Pseudomonas orientalis and Chaetomium cupreum isolated from metal(oid)s-contaminated soil were characterized to evaluate their role in plant growth promotion and enhance the tolerance of Eucalyptus globulus to copper stress.

Methods

We evaluated minimum inhibitory concentration and explored plant-promoting traits under copper stress. Moreover, changes in morphology and the accumulation of metals on the cell surface were determined by scanning electron microscopy images coupled with energy dispersive x-ray spectroscopy (SEM-EDX). The effect of inoculation with P. orientalis and C. cupreum on E. globulus plants established in soils contaminated with copper was determined through root and shoot biomass and antioxidant response.

Results

Both strains showed high tolerance to metal(oid)s, whereas phosphate solubilization was only detected in P. orientalis. Under copper stress, C. cupreum presented a higher production rate of siderophores and indole acetic acid (4.5 mm day−1, 15.042 μg mL−1). SEM images and EDX analysis reflected cellular changes in fungus and proved biosorption of copper.
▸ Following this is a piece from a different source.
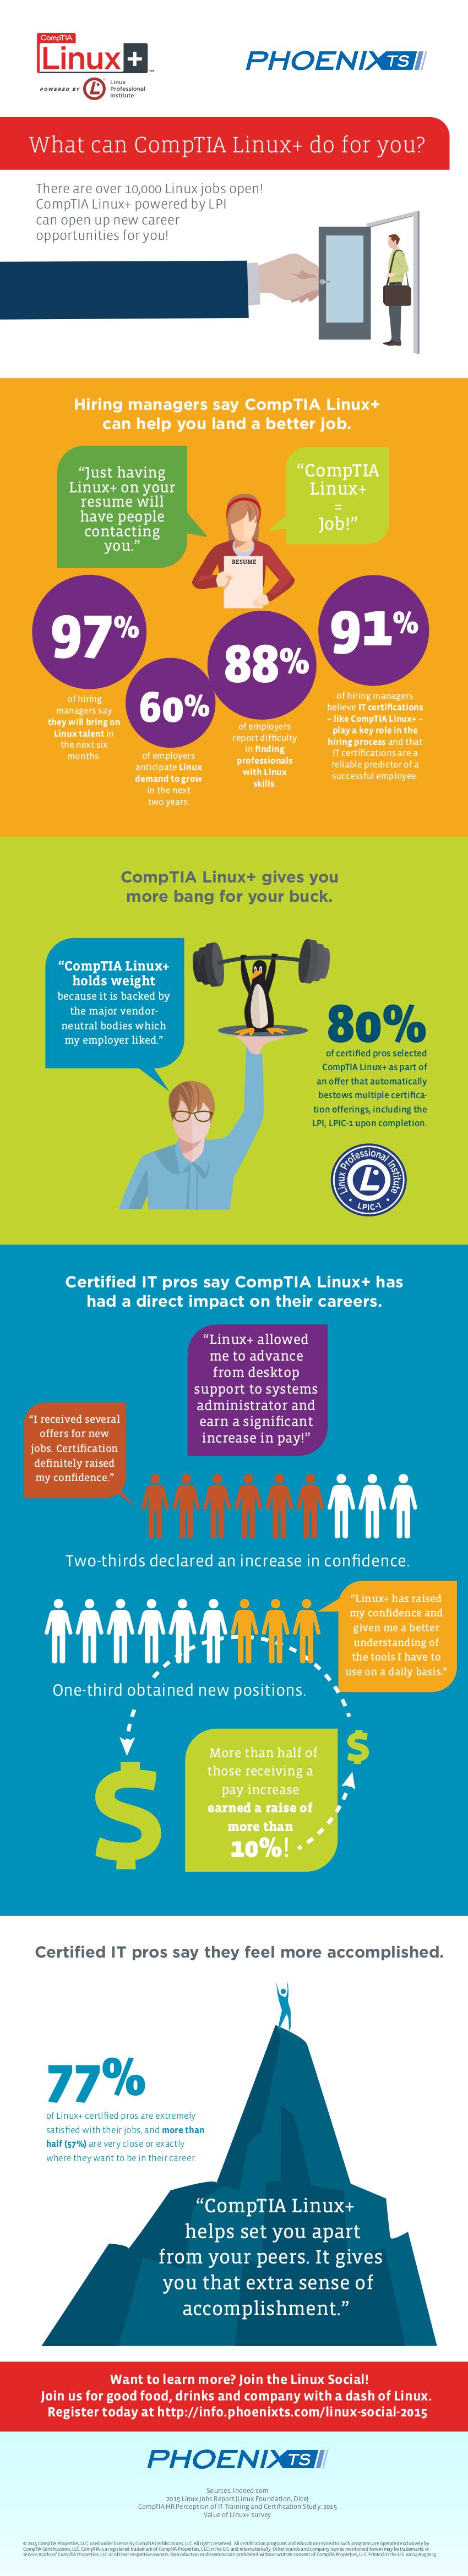 linuxplus-infographic
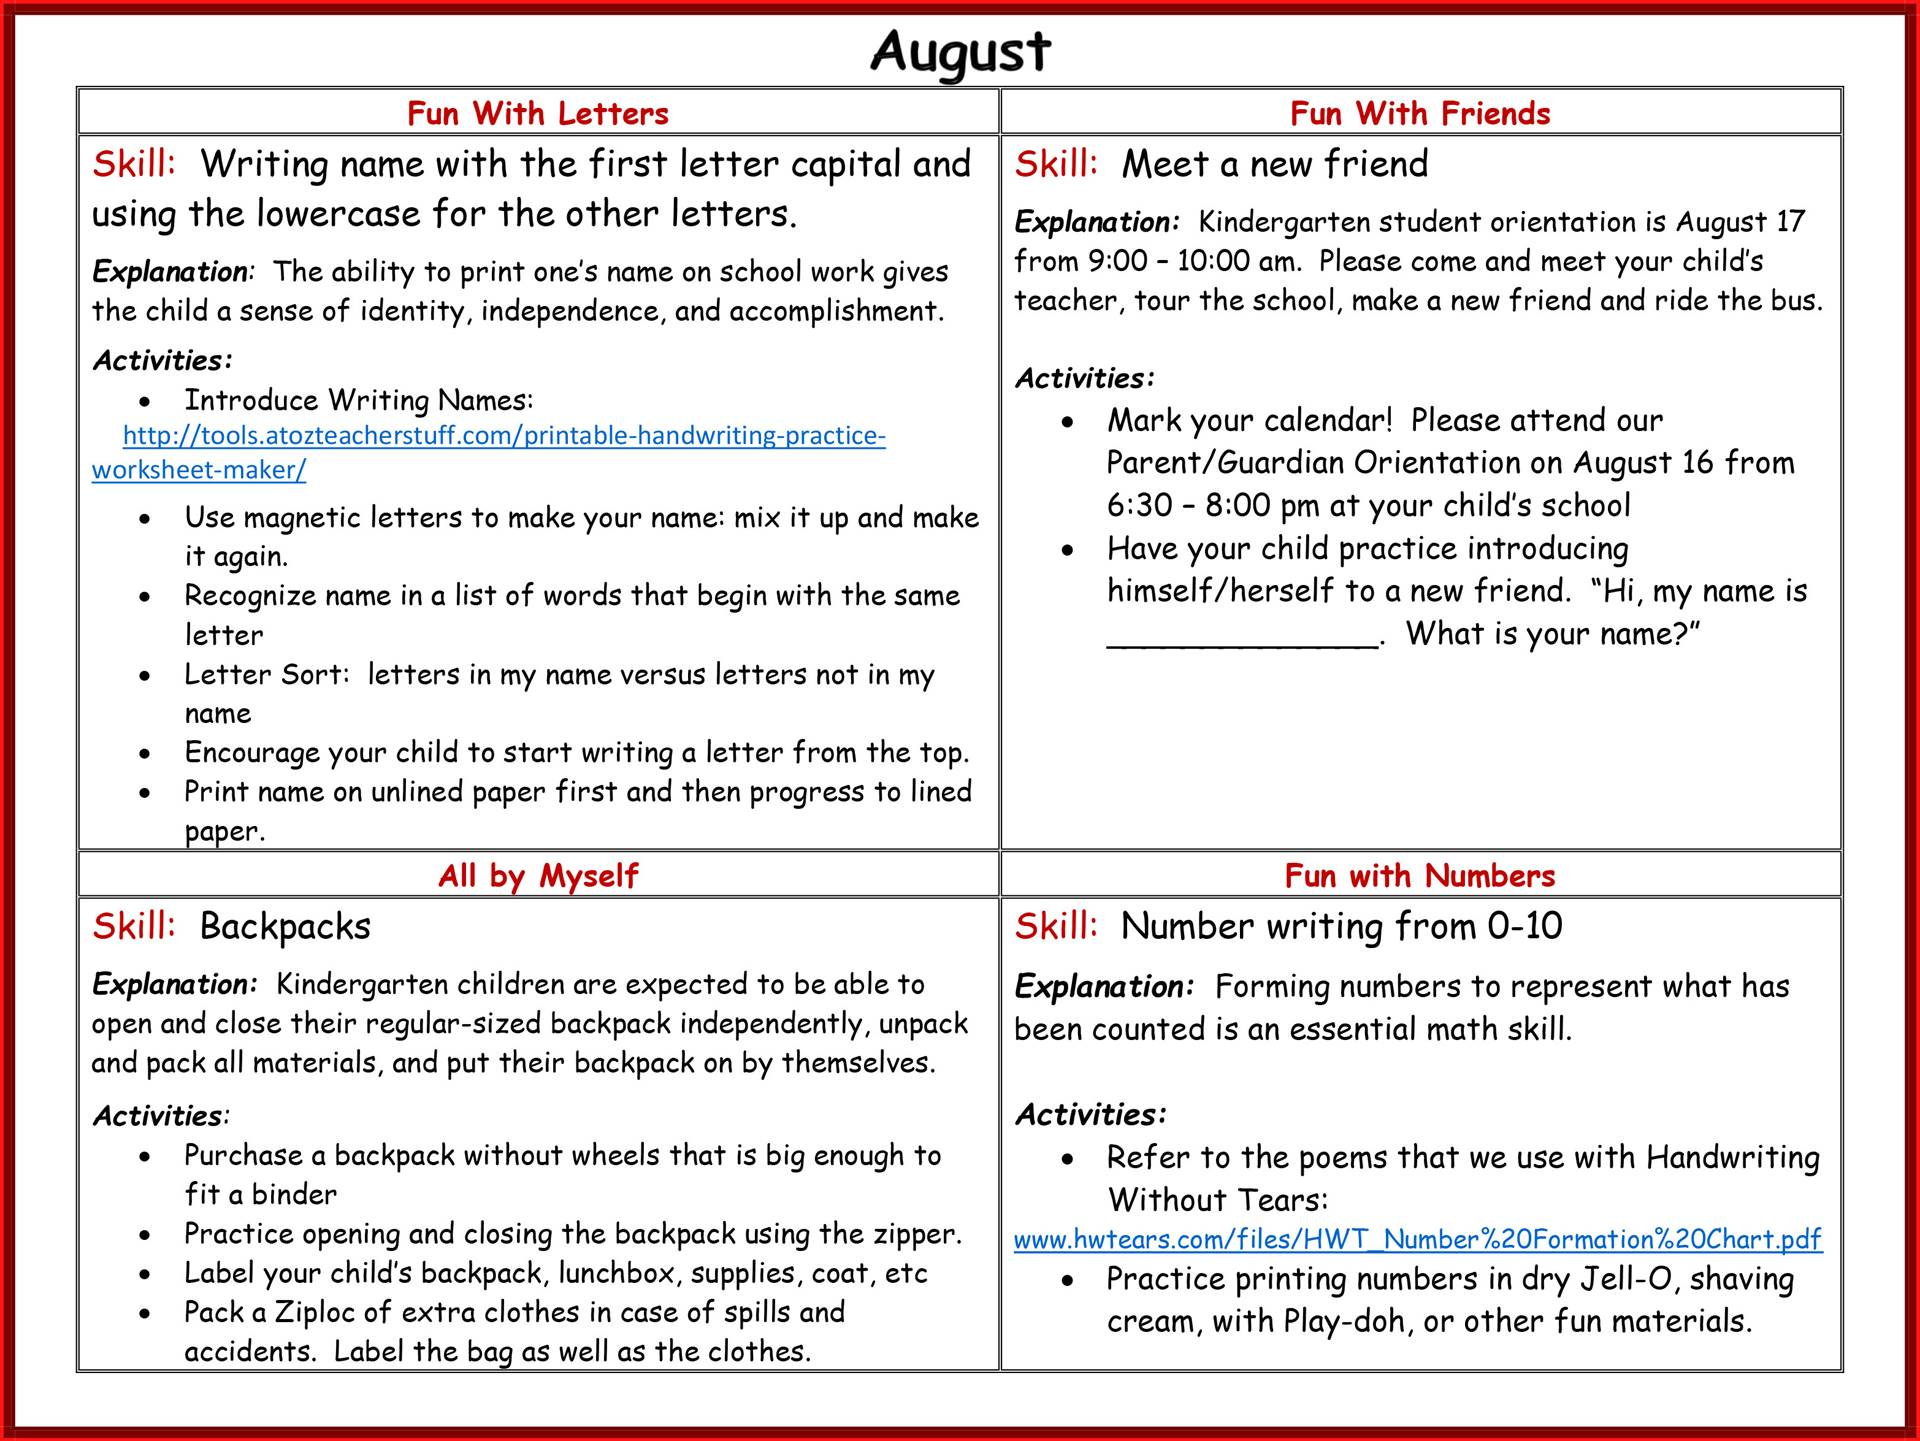 Kindergarten Readiness Calendar - August page 2

Inoculation of P. orientalis and C. cupreum on Eucalyptus globulus plants significantly increased plant growth and mitigated the toxic effects of copper.

Conclusions

According to these results, both microorganisms contribute positively to stimulated plant growth and to decreasing stress caused by high concentrations of copper in soil, especially C. cupreum.

Keywords

Metal stress Phytoremediation Soil microorganisms Plant growth promotion 

Notes

Acknowledgements

Financial support of this study was provided by the Fondo Nacional de Desarrollo, Científico y Tecnológico, FONDECYT 1170931, and the Comisión Nacional de Investigación Científica y Tecnológica, CONICYT Doctoral Fellowship 21150615. We thank the Scientific and Technological Bioresource Nucleus BIOREN- UFRO for equipment support. This study is dedicated for the memory of the Professor of Environmental Microbiology, Yoav Bashan (1952–2018) of the Bashan Institute of Science, Auburn, USA.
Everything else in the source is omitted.